From the listing below, give again exactly the lines from the line with "Zorgkaart Nederland logo" to the line with "illustration of Girl wearing Loser Jacket", ends included, without any pictures.

» **Records for this task**
• • •

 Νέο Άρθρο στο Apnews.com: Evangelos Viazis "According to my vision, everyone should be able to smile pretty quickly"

• • •

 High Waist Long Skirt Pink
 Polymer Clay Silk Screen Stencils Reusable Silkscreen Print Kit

• • •

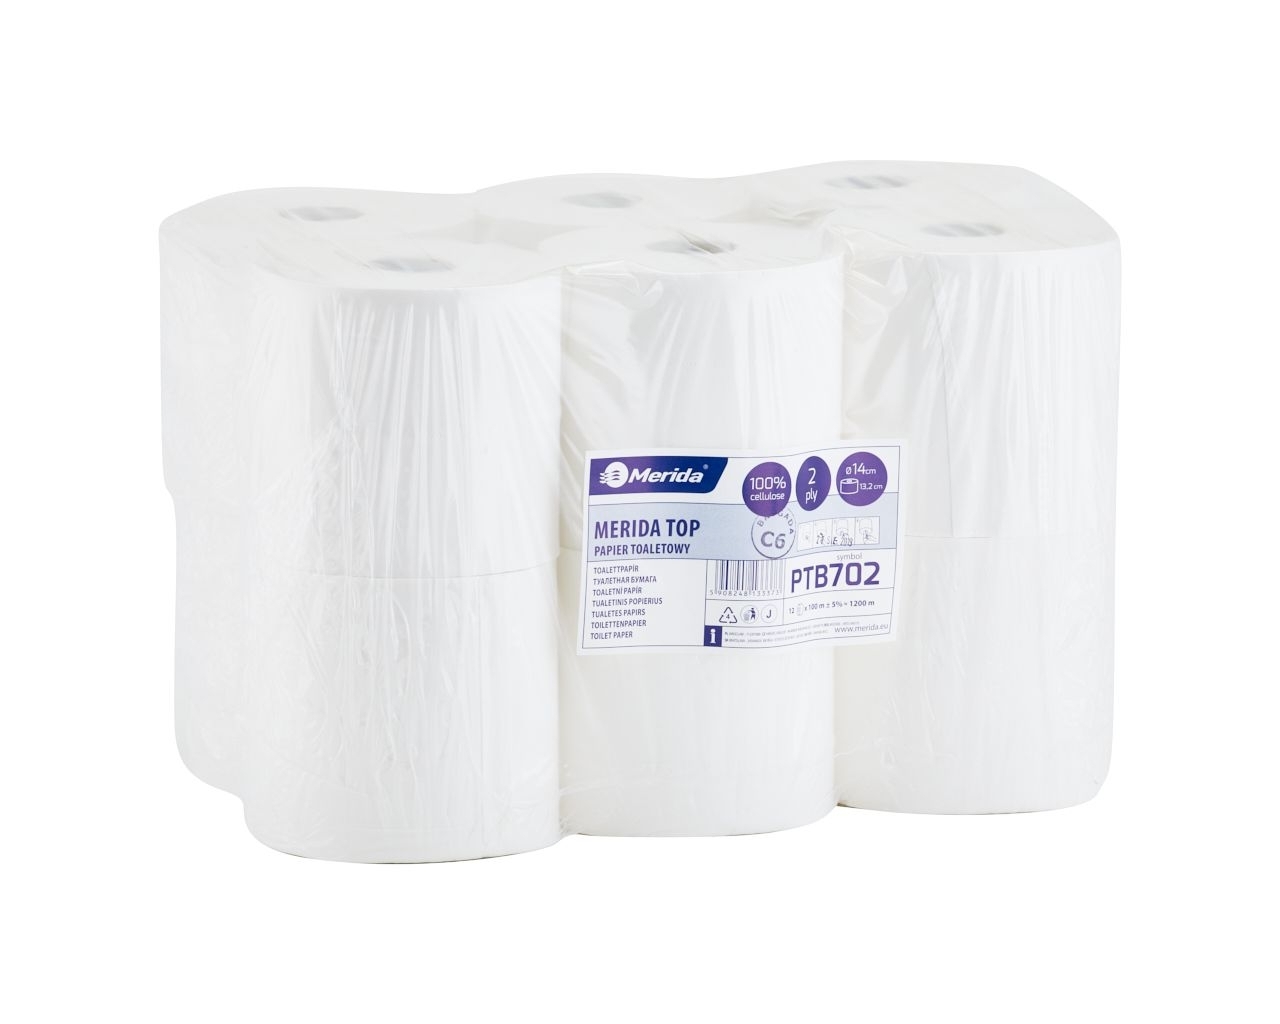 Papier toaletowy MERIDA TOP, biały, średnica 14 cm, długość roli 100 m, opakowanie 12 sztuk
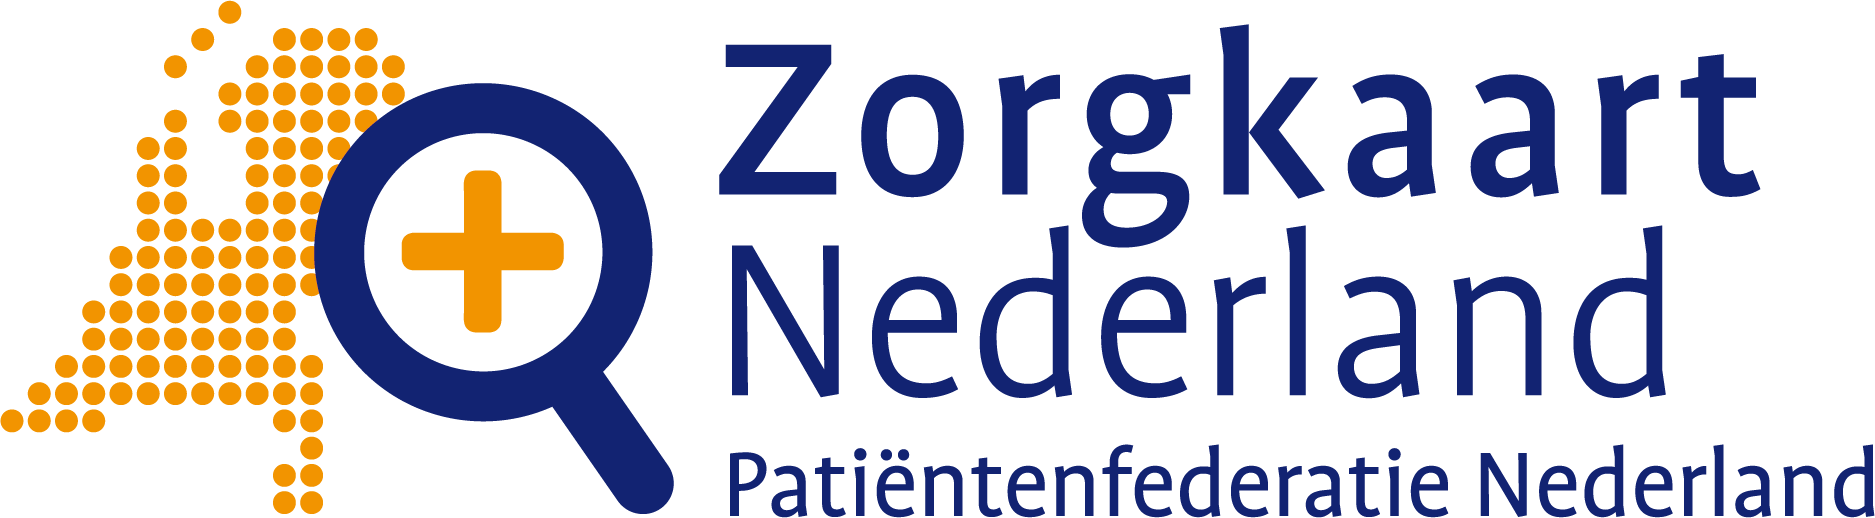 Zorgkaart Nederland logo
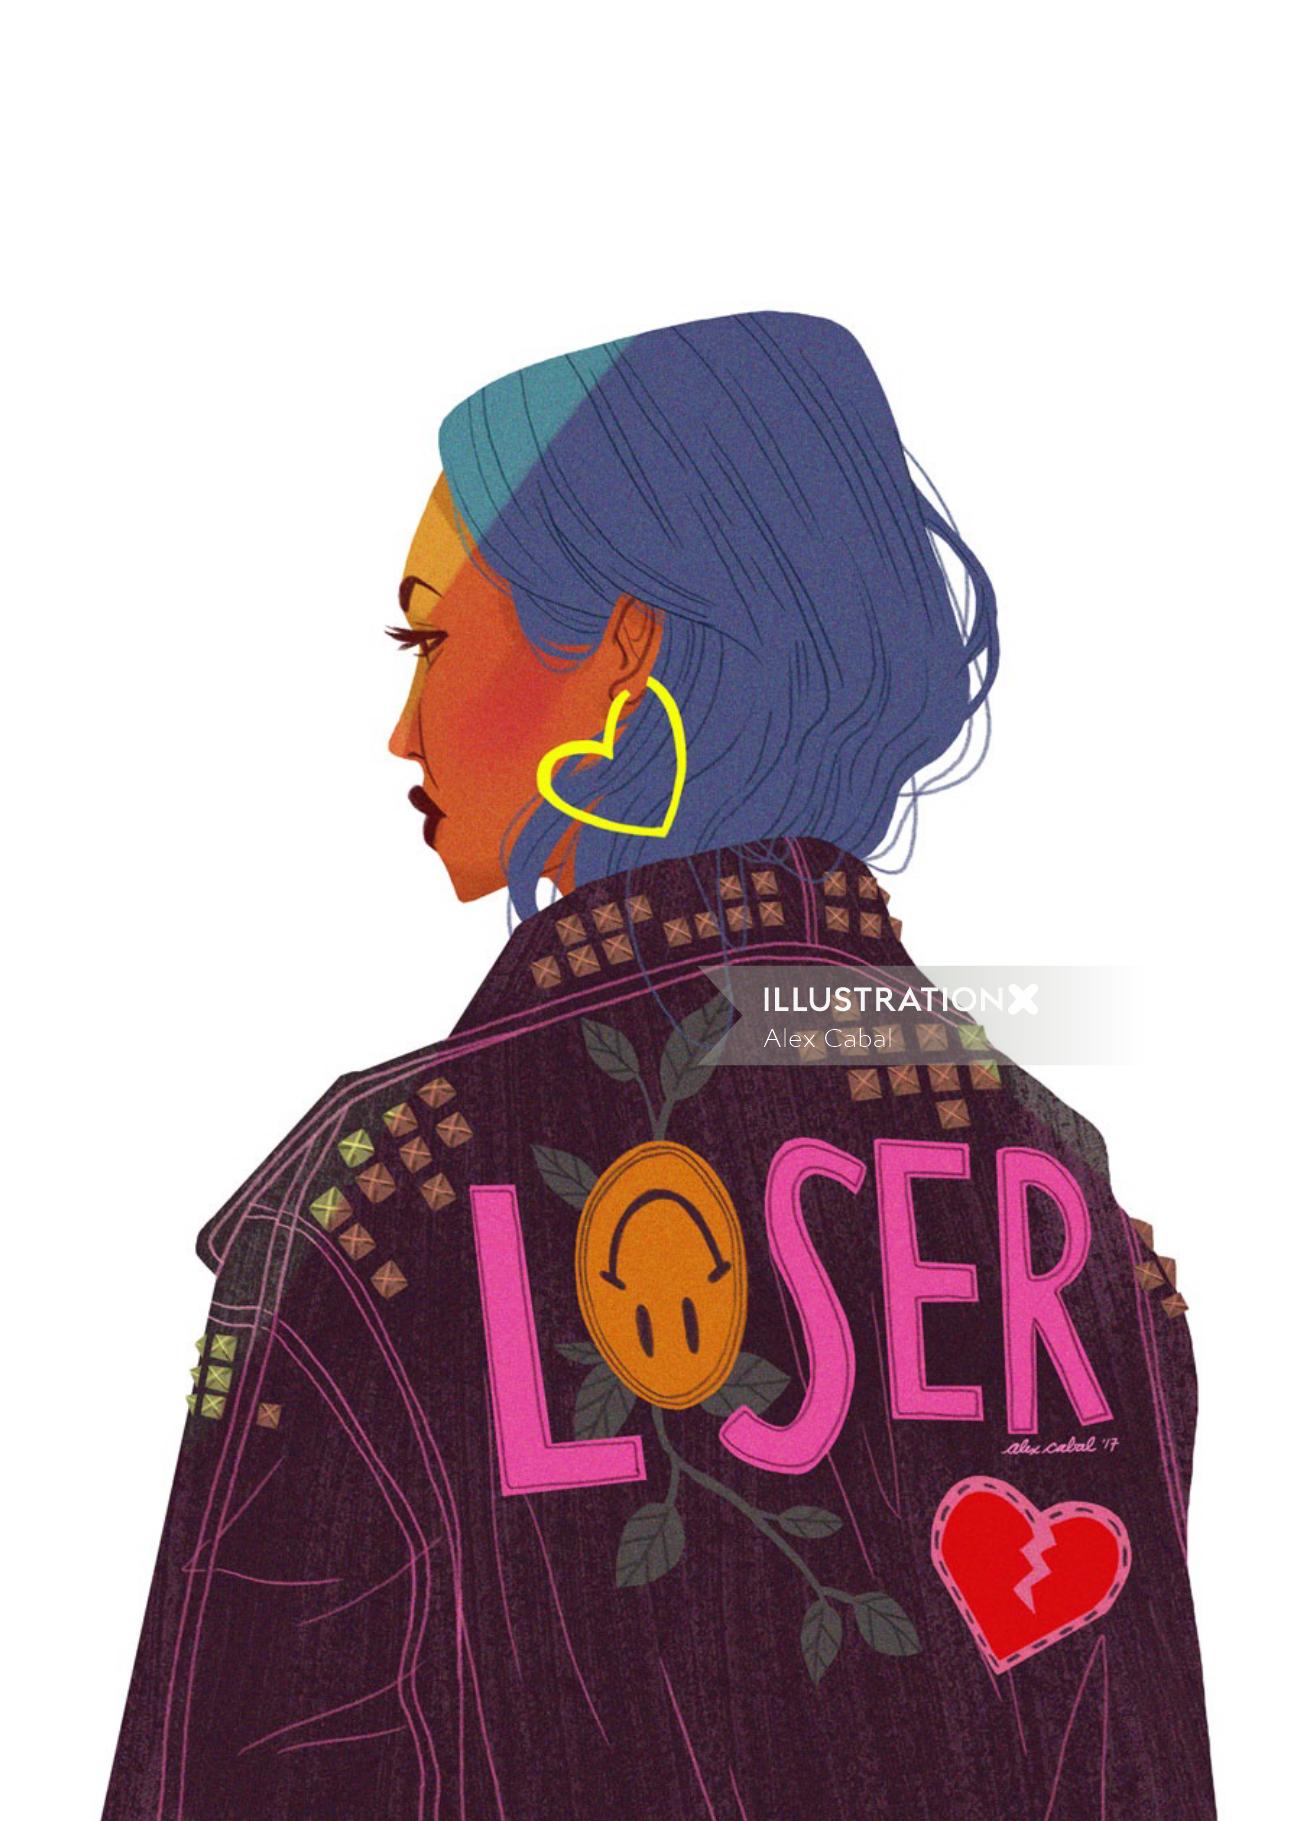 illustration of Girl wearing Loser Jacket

• • •

» **Exercise response**
 Zorgkaart Nederland logo
 illustration of Girl wearing Loser Jacket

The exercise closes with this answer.